That's the problem I have right now in flogging social software. Just because it seems right to insiders, just because an approach is humanist and egalitarian, just because it seems like it really really really should be right, if we learn anything at all from the science of astronomy, we should learn that even the very best and most elegant of theories can be, and often are, dreadfully wrong. We need a certain humility that's ready (some say eager) to admit mistake, go back to the math, and try again.

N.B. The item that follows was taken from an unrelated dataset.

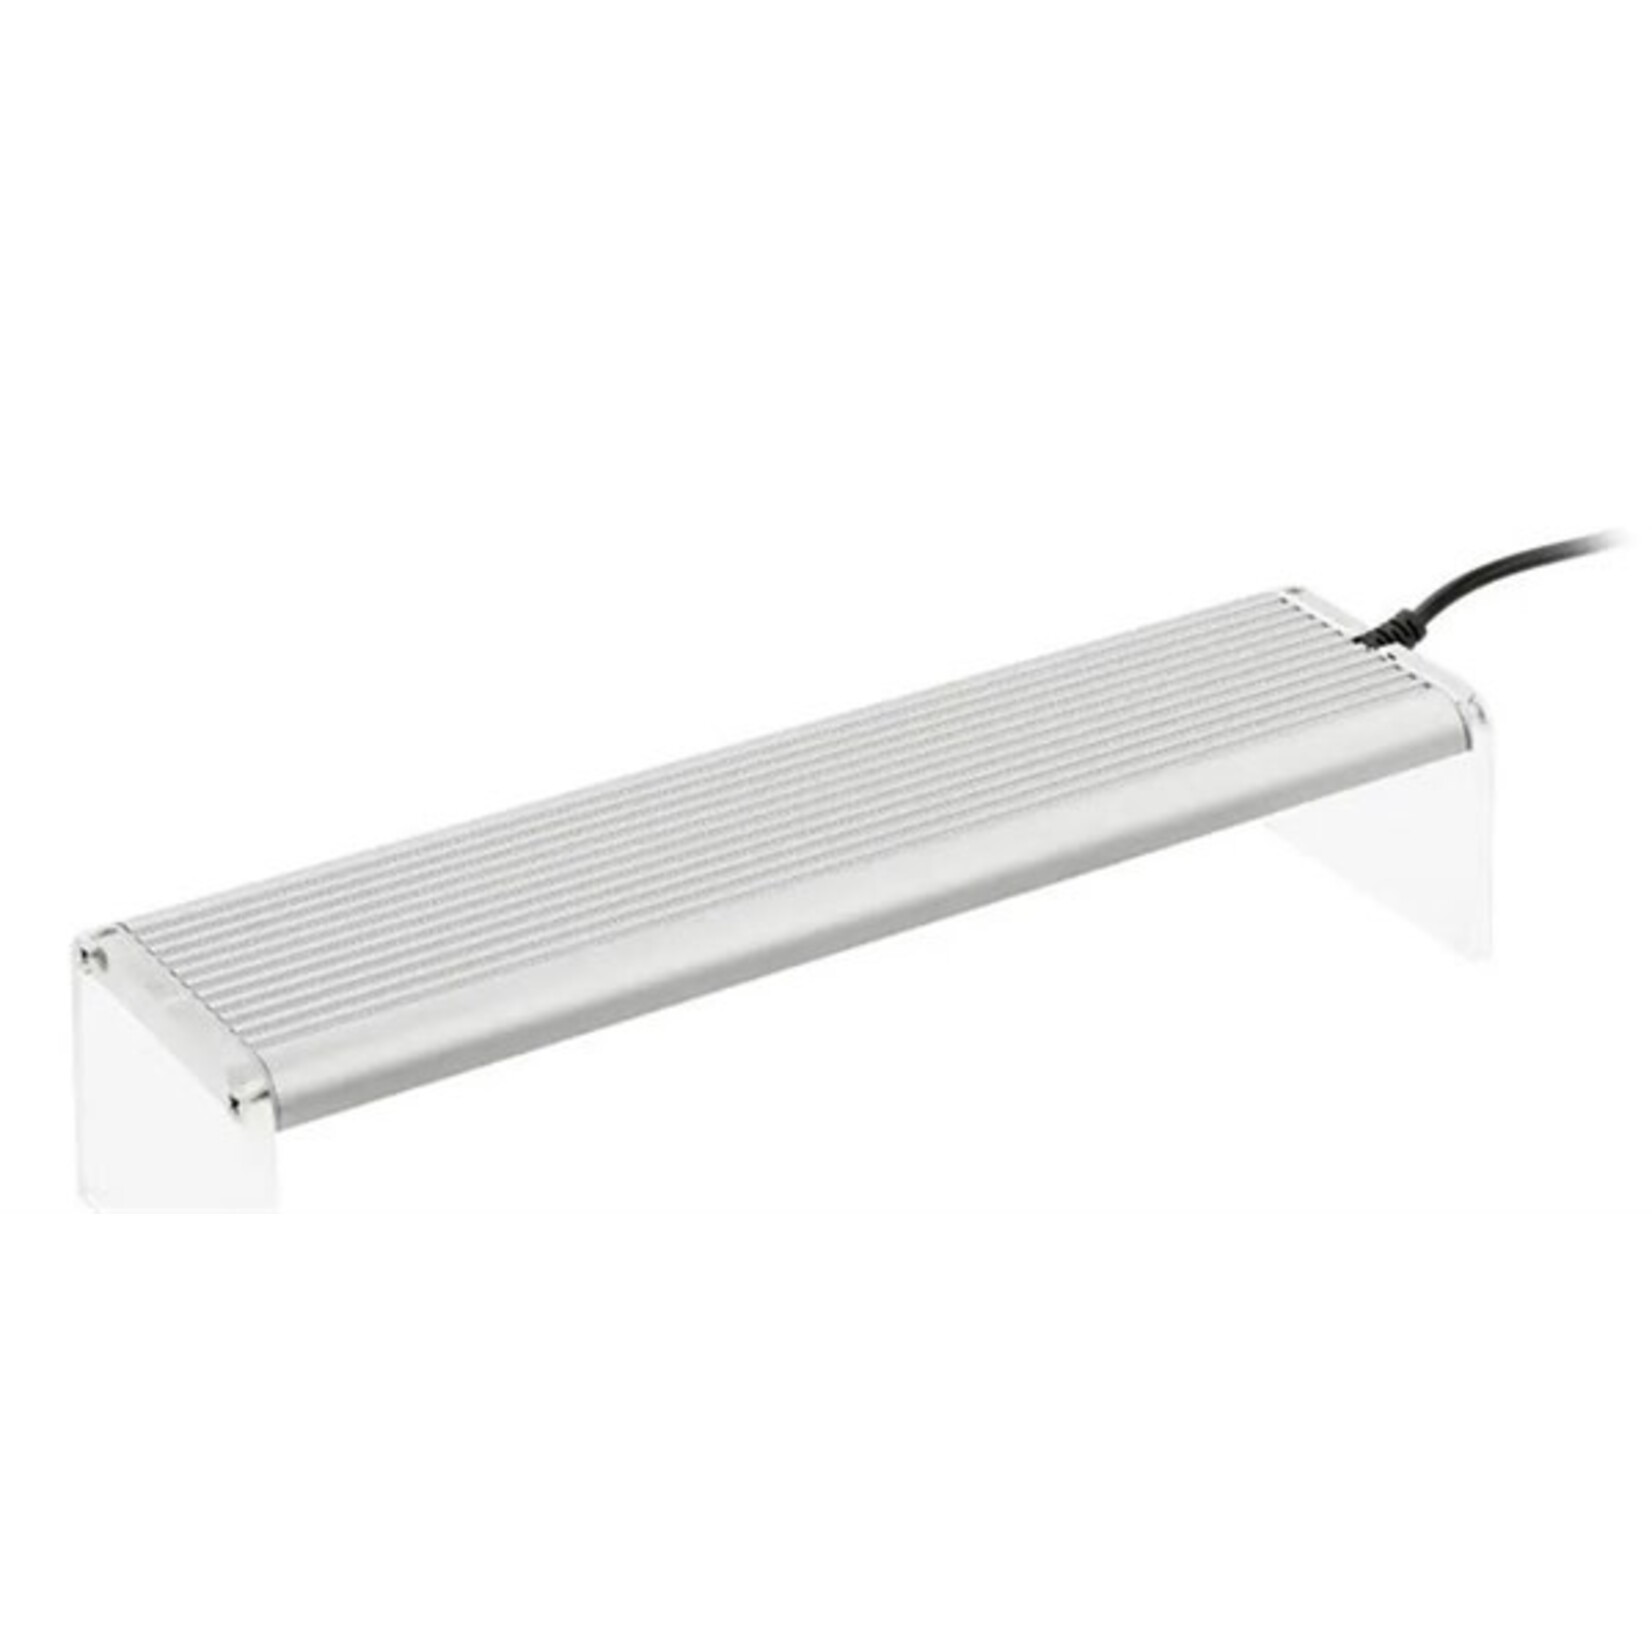 Chihiros A LED A401 40cm 24w - incl. Duitse trafo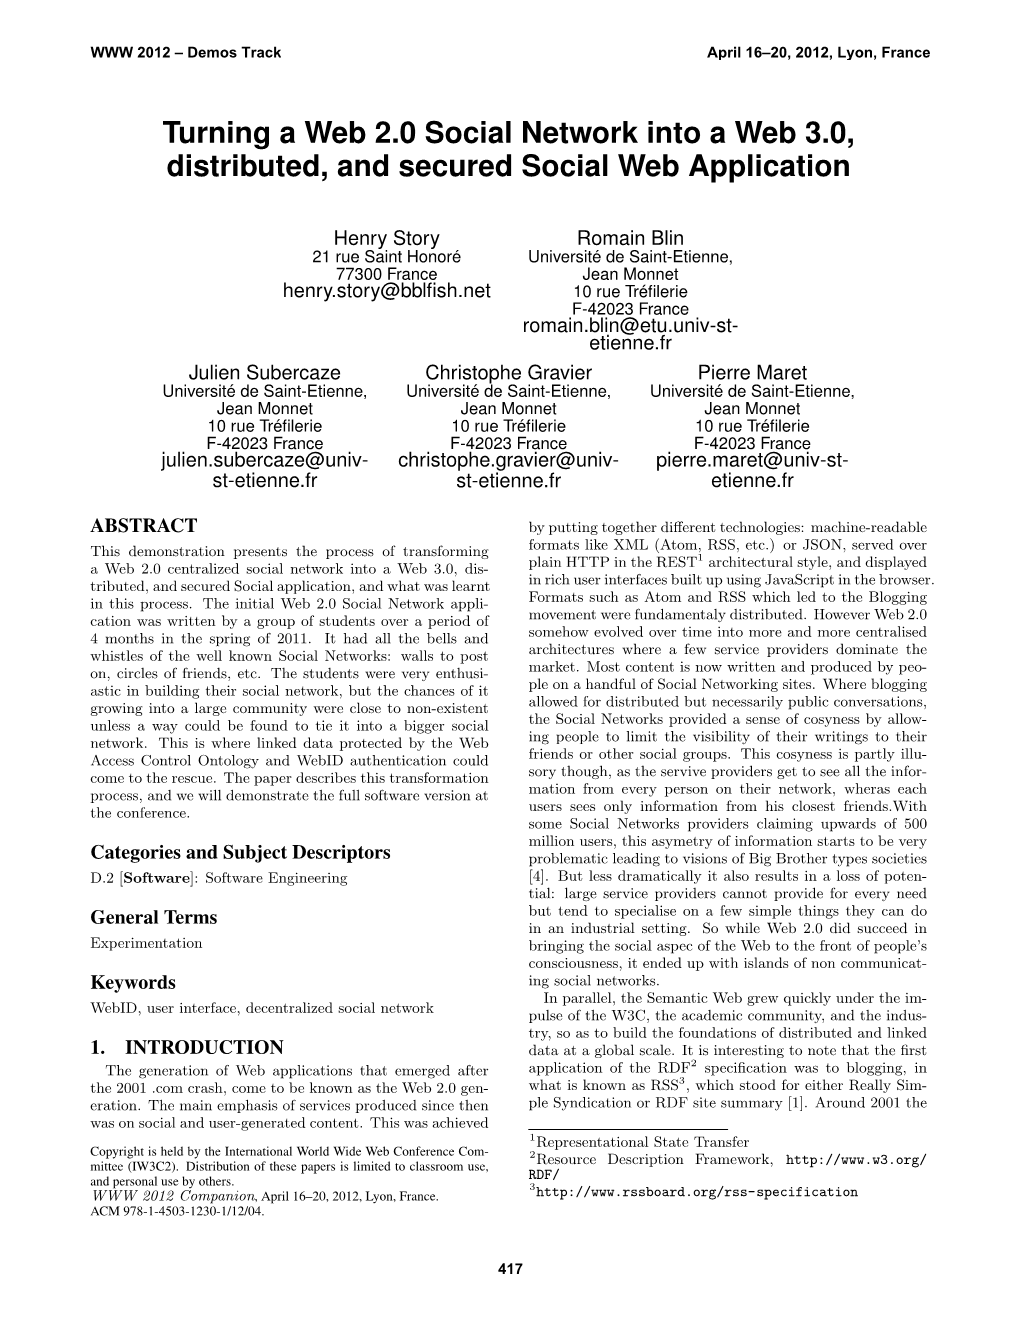 Turning a Web 2.0 Social Network Into a Web 3.0, Distributed, and Secured Social Web Application

"It doesn't matter how beautiful your theory is, it doesn't matter how smart you are -- if it doesn't agree with experiment, it's wrong." -- Richard Feynman
But let's be fair, IT doesn't hold patent on Gonzo Deployments. Our penchant for the thoughtless may even be only an artifact of our gratifications greed. A blog I read last week (that's since drifted off the end of my aggregators, and thus out of my retrievable memory) mused on how, as our consideration increases, so does doubt and reservation. By induction, then, the less one thinks, the less one must reason over conditions and outcomes and consequencies, and thus the faster they can deliver a solution -- while those who are careful and considerate and cautions are still working on the thoughtful plan, others have already legislated the destruction of the wilderness.
And what does this have to do with political blogs? Maybe only this: Let's allow ourselves the option to be wrong while we're vigilant to see if we're right.
There. Now you all know why I'm so hopeless at sales.